Data extracted from a collection

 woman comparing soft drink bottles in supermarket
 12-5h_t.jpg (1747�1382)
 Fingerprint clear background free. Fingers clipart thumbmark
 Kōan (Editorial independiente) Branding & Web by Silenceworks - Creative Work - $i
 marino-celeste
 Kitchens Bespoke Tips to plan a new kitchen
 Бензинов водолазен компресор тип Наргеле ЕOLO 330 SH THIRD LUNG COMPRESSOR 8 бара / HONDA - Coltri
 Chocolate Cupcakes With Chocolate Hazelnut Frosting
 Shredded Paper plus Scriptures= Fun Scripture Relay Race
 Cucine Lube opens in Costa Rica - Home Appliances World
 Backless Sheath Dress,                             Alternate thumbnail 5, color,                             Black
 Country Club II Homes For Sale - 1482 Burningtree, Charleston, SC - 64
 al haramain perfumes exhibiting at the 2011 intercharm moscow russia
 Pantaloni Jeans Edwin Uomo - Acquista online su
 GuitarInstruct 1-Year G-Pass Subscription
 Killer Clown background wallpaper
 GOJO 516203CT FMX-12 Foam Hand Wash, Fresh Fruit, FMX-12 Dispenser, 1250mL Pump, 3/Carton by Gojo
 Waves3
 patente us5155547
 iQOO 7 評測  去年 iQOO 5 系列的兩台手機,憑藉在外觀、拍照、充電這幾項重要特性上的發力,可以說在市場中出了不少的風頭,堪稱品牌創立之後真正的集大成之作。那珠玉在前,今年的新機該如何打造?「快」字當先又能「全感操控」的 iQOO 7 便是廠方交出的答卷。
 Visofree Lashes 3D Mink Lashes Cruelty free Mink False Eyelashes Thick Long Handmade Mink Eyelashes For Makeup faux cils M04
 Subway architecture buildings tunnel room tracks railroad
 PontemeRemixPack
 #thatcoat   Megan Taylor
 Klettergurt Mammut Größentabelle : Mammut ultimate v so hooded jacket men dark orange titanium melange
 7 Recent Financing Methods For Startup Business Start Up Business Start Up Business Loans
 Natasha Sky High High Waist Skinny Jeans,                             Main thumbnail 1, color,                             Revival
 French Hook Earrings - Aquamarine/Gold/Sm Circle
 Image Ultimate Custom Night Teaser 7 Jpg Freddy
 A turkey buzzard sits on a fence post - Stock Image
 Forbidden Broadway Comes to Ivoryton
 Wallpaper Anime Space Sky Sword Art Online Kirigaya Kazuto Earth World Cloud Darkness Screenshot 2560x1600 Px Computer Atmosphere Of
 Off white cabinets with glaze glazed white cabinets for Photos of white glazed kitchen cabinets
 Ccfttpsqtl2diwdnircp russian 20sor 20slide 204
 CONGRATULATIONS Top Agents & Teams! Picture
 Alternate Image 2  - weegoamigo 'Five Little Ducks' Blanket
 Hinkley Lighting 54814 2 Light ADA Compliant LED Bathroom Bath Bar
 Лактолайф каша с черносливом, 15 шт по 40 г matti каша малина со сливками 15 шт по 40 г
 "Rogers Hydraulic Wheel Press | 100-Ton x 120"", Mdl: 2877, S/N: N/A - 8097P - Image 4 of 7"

- **Problem to work on**
Every line that contains the string "free" should be copied from the records.

- **Response box**
 Fingerprint clear background free. Fingers clipart thumbmark
 Visofree Lashes 3D Mink Lashes Cruelty free Mink False Eyelashes Thick Long Handmade Mink Eyelashes For Makeup faux cils M04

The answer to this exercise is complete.